> [What you have to do] Write out exactly, and only, the lines below from the line with "The Timeline and" through the line with "Ember Charging Coaster"; pictures do not belong in the copy.

> [Extracted records]

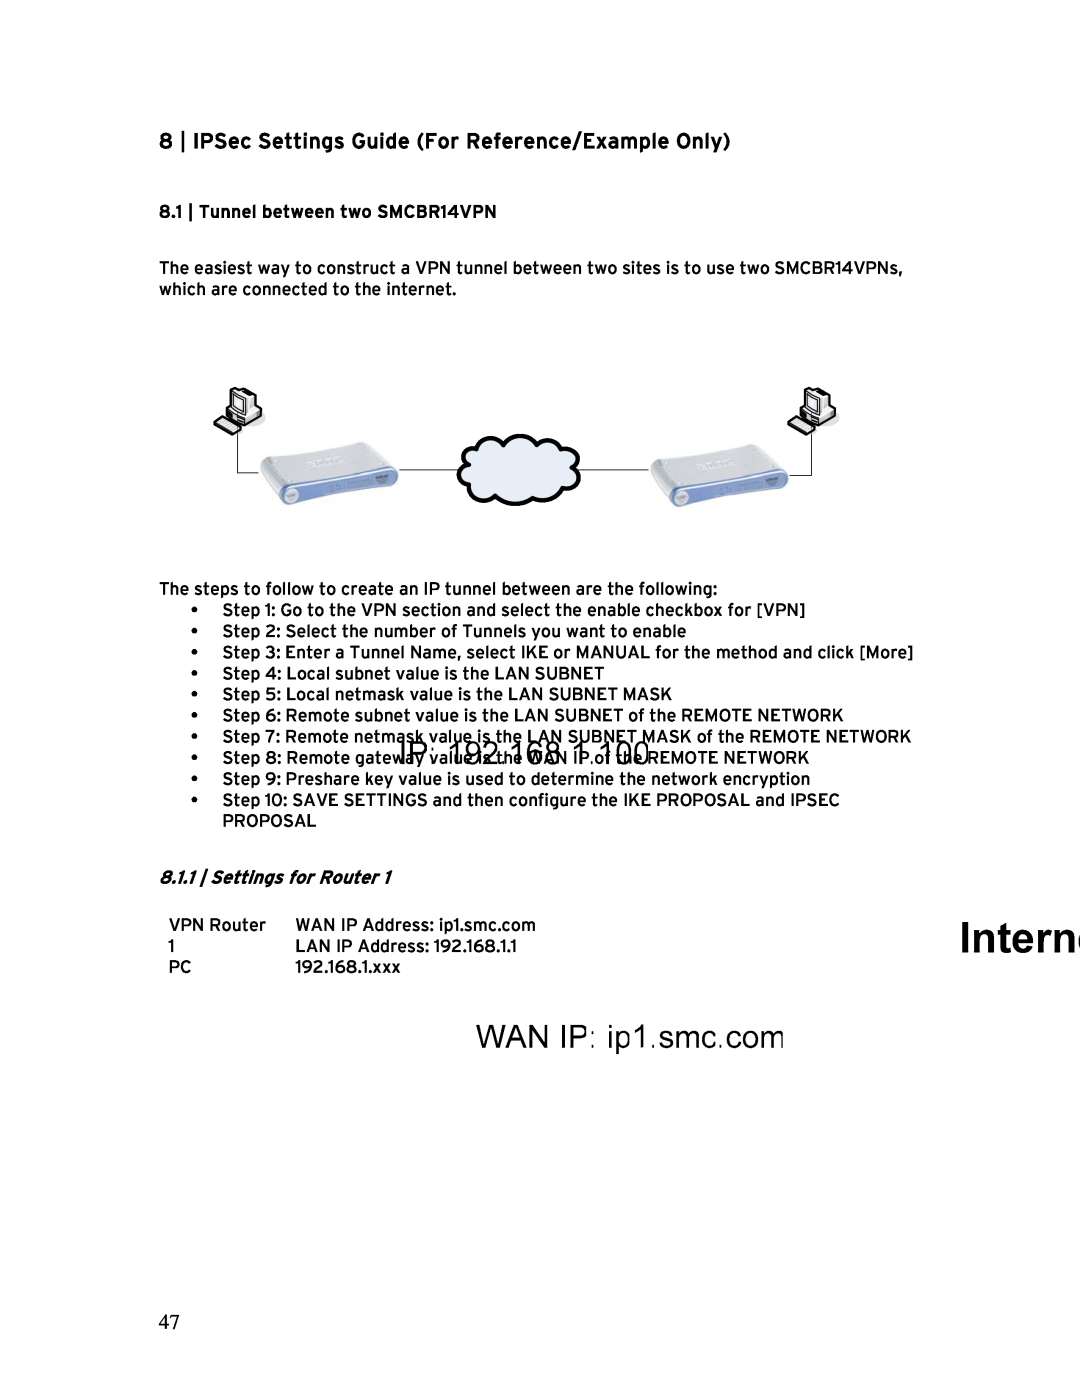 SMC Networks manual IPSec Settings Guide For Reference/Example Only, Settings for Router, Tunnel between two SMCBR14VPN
==
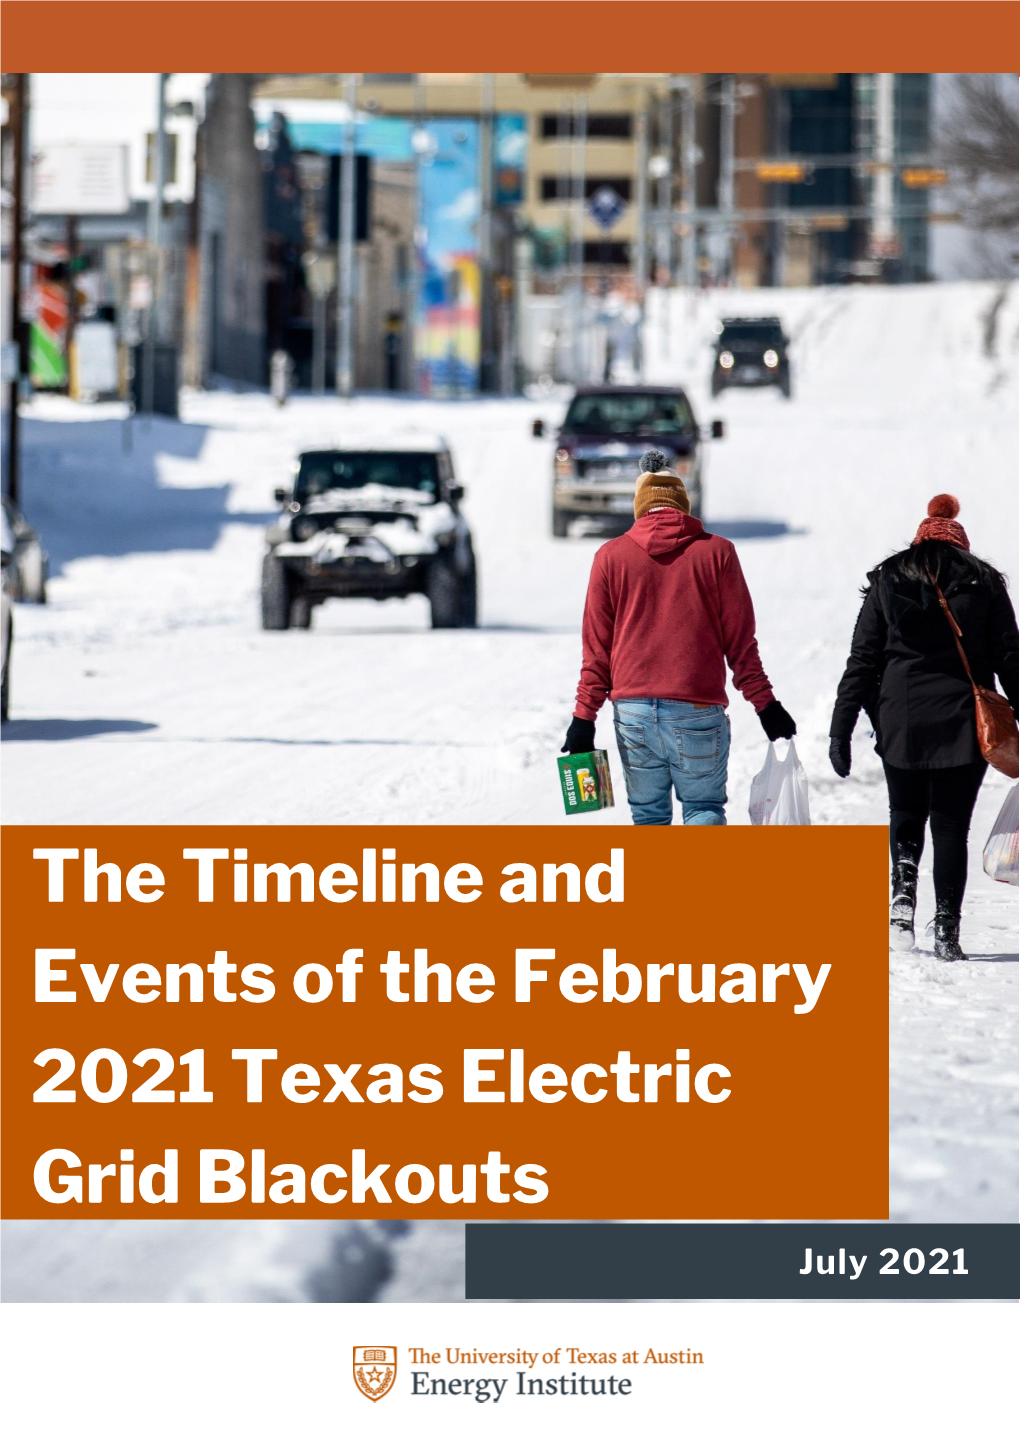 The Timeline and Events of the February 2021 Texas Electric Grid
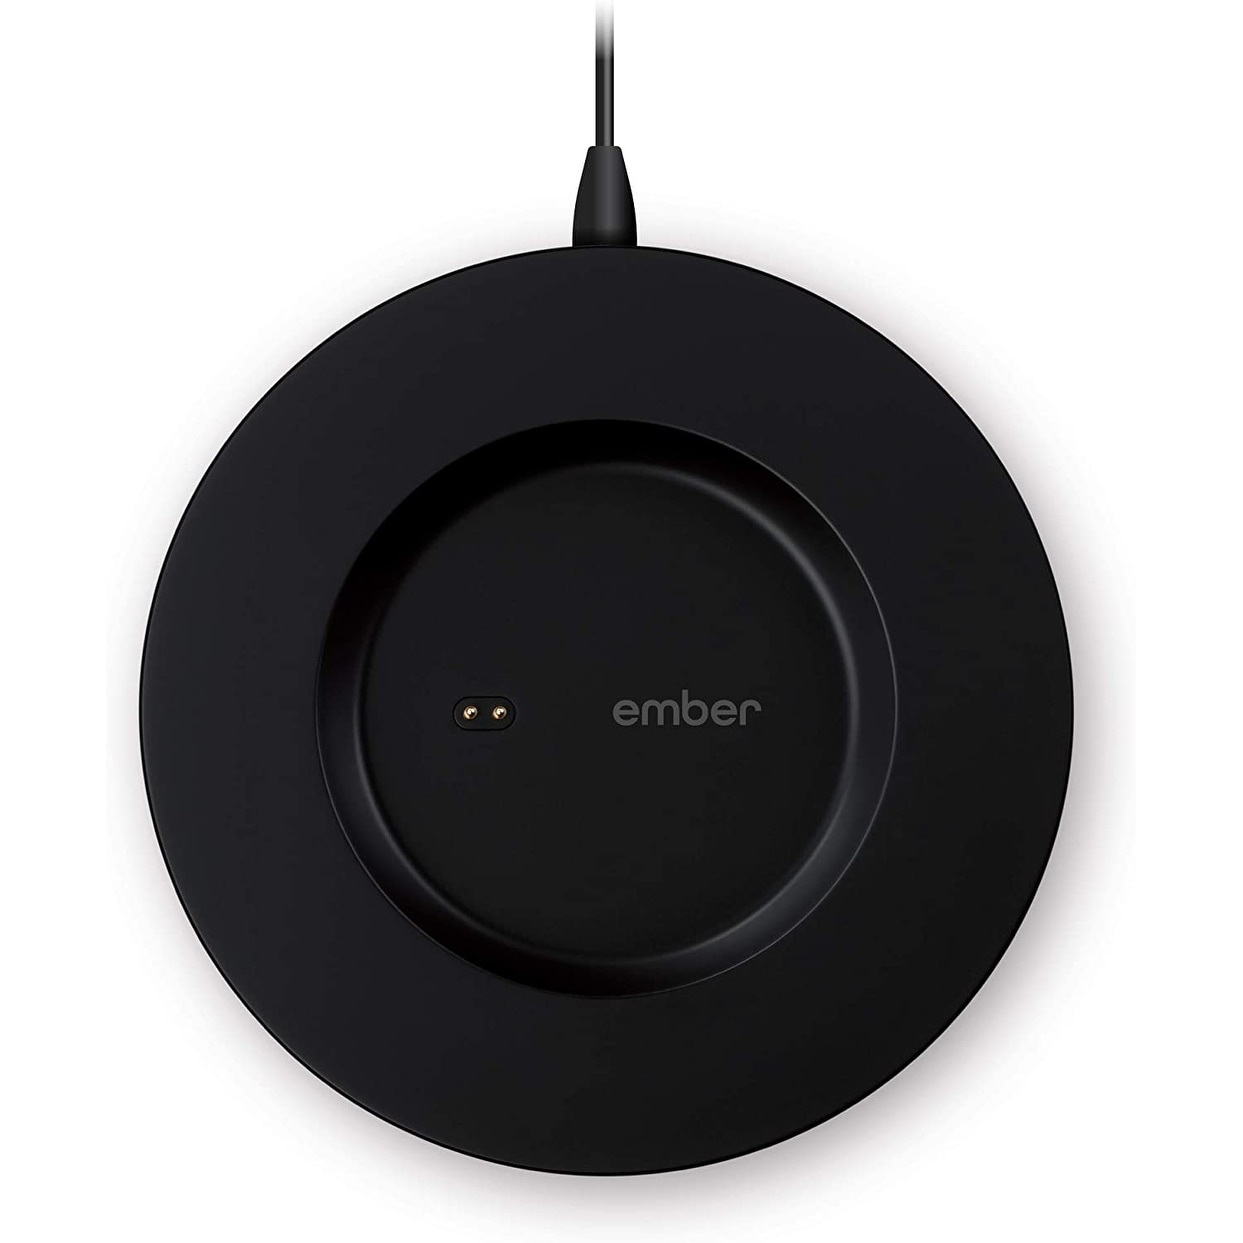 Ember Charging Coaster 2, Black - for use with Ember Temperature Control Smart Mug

> [Solution below]
 The Timeline and Events of the February 2021 Texas Electric Grid
 Ember Charging Coaster 2, Black - for use with Ember Temperature Control Smart Mug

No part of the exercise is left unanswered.